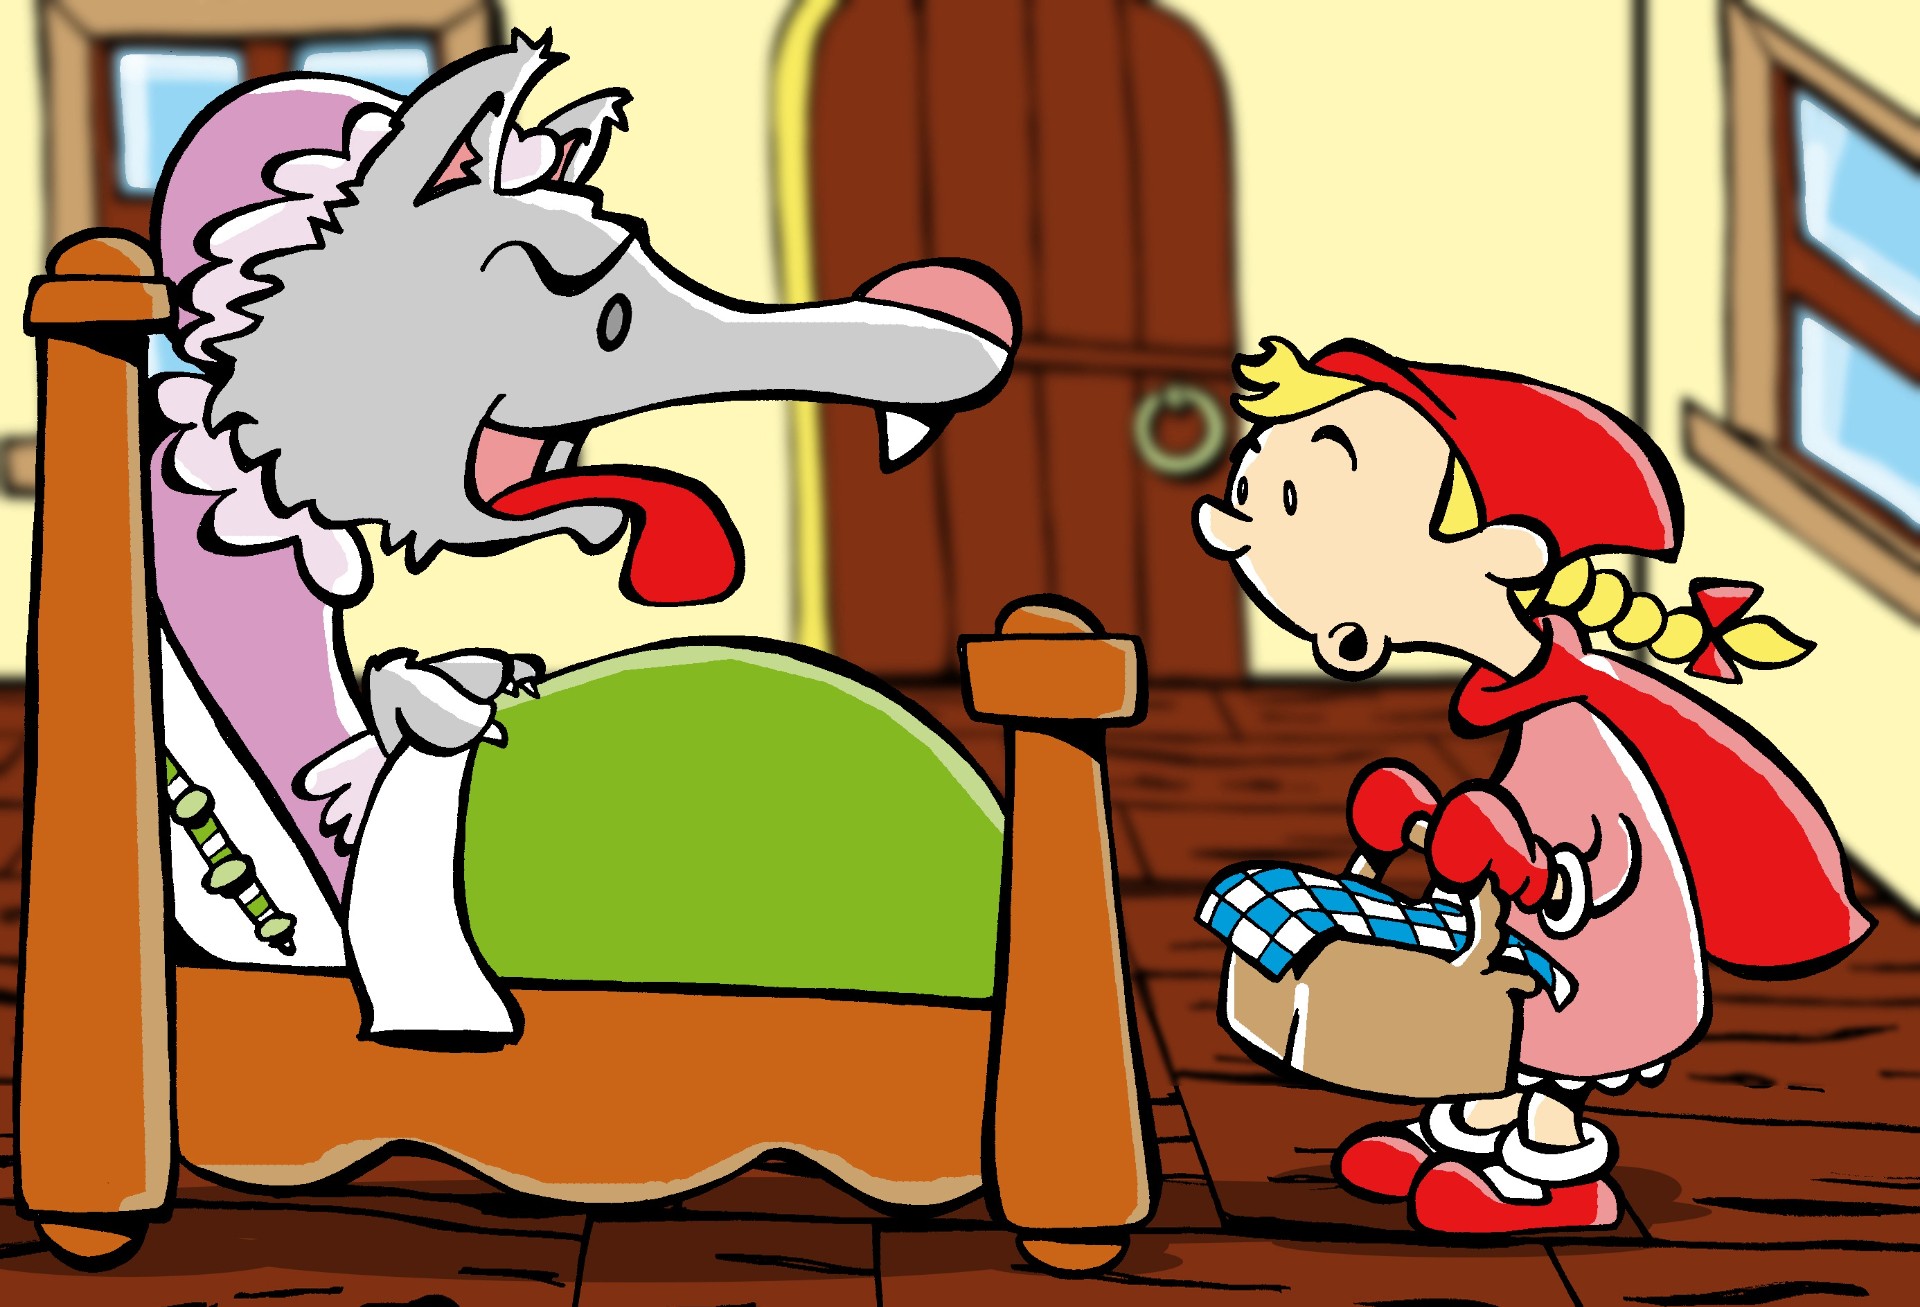 《小红帽与大灰狼》-儿童插画风格插画设计作品-设计人才灵活用工-设计DNA
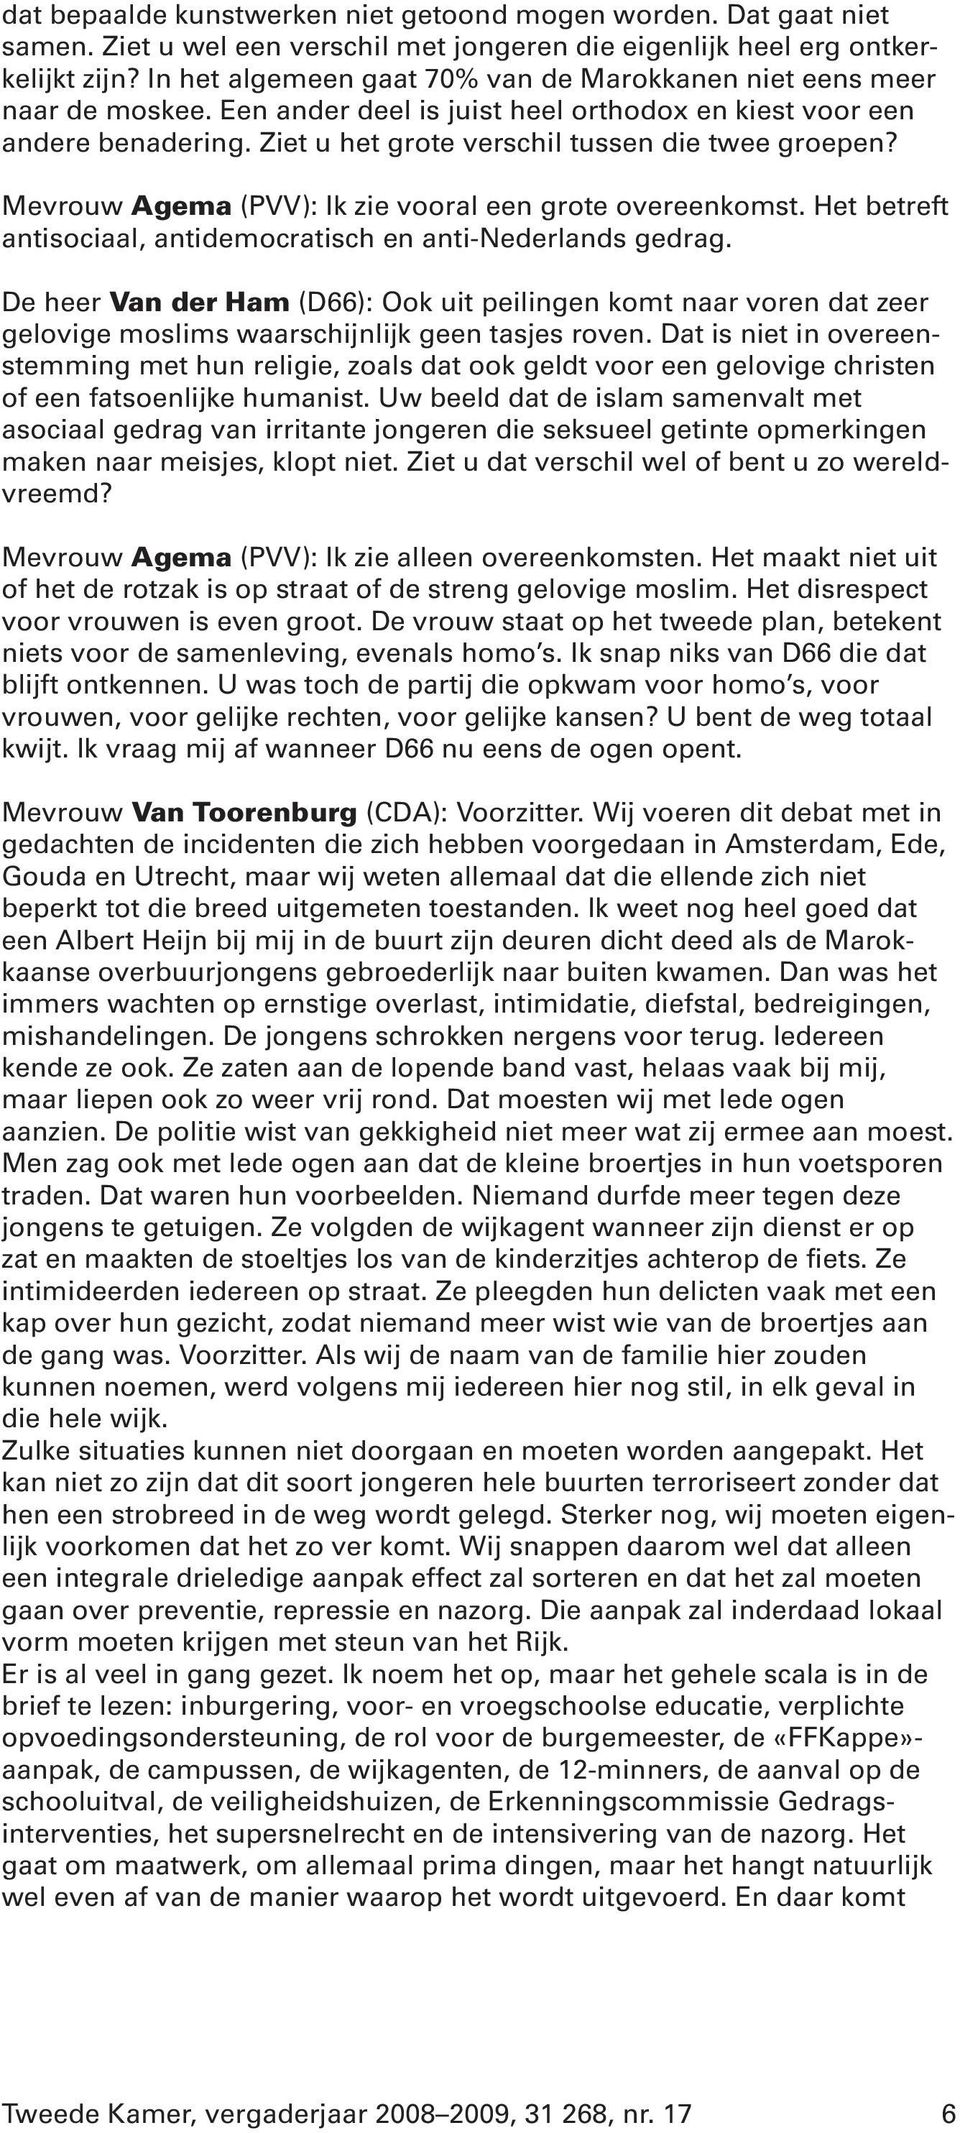 Mevrouw Agema (PVV): Ik zie vooral een grote overeenkomst. Het betreft antisociaal, antidemocratisch en anti-nederlands gedrag.
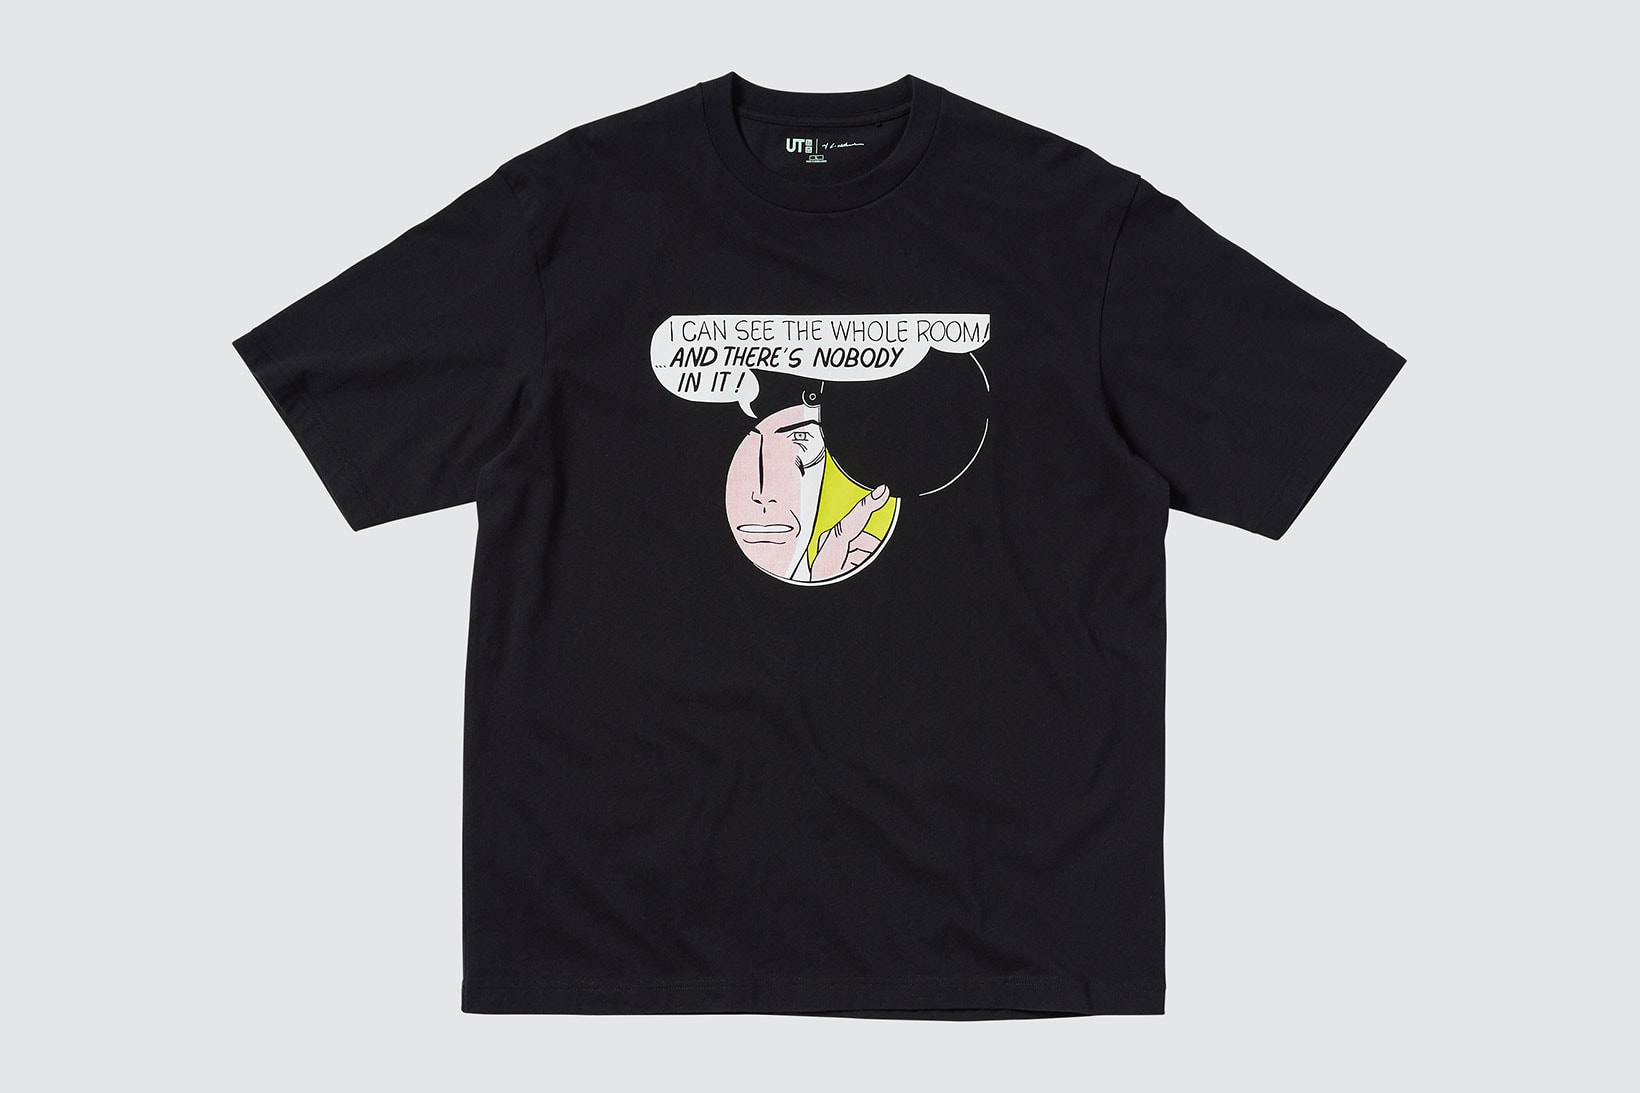 uniqlo ut roy lichtenstein american pop art collaboration t-shirts black graphic
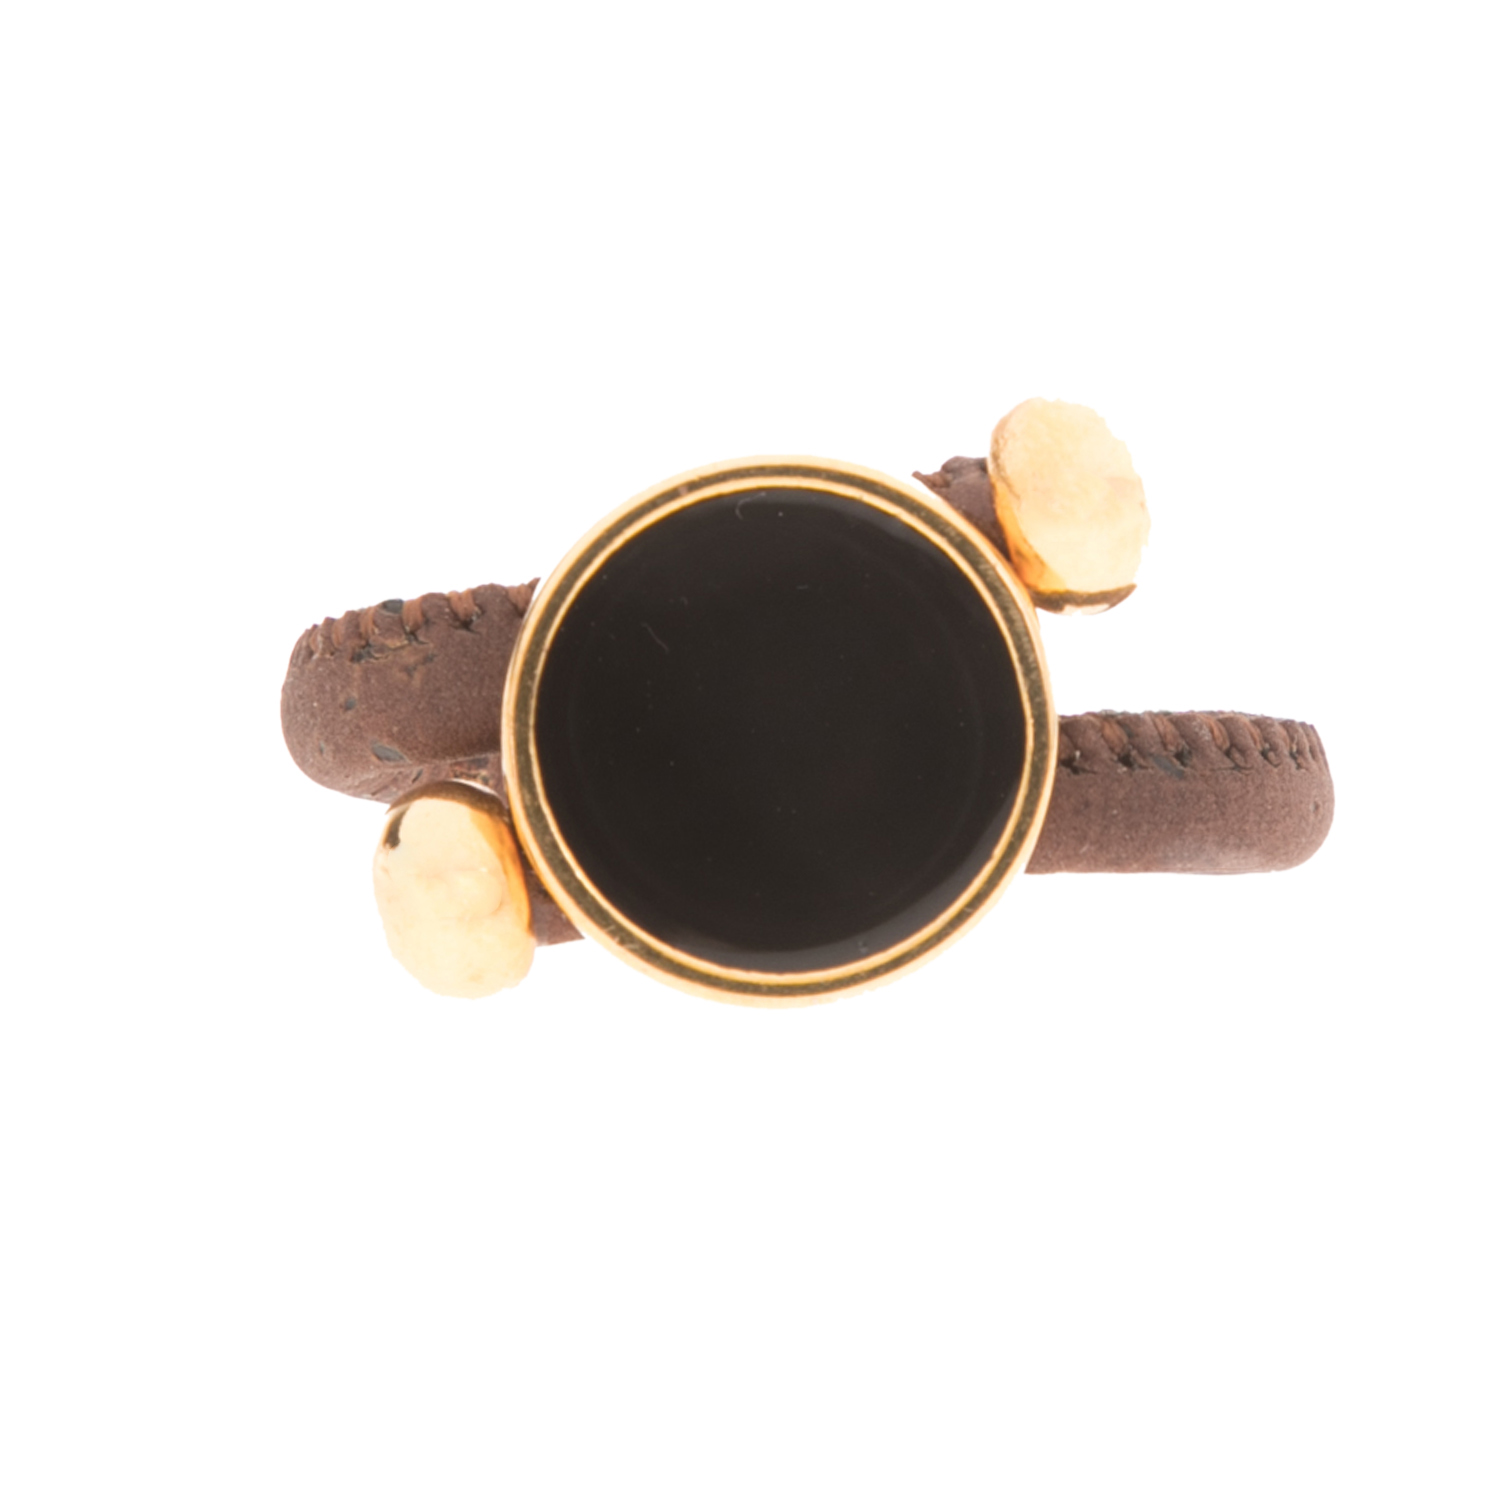 Γυναικεία/Αξεσουάρ/Κοσμήματα/Δαχτυλίδια APOXYLO - Γυναικείο δαχτυλίδι APOXYLO καφέ

============

Pictures are to be left out; otherwise, copy exactly each line from the one containing "Mevrouw Agema (PVV): Ik" through the last line of the listing.

**Solution for this exercise:**
 Mevrouw Agema (PVV): Ik zie vooral een grote overeenkomst. Het betreft antisociaal, antidemocratisch en anti-nederlands gedrag.
 uniqlo ut roy lichtenstein american pop art collaboration t-shirts black graphic
 Γυναικεία/Αξεσουάρ/Κοσμήματα/Δαχτυλίδια APOXYLO - Γυναικείο δαχτυλίδι APOXYLO καφέ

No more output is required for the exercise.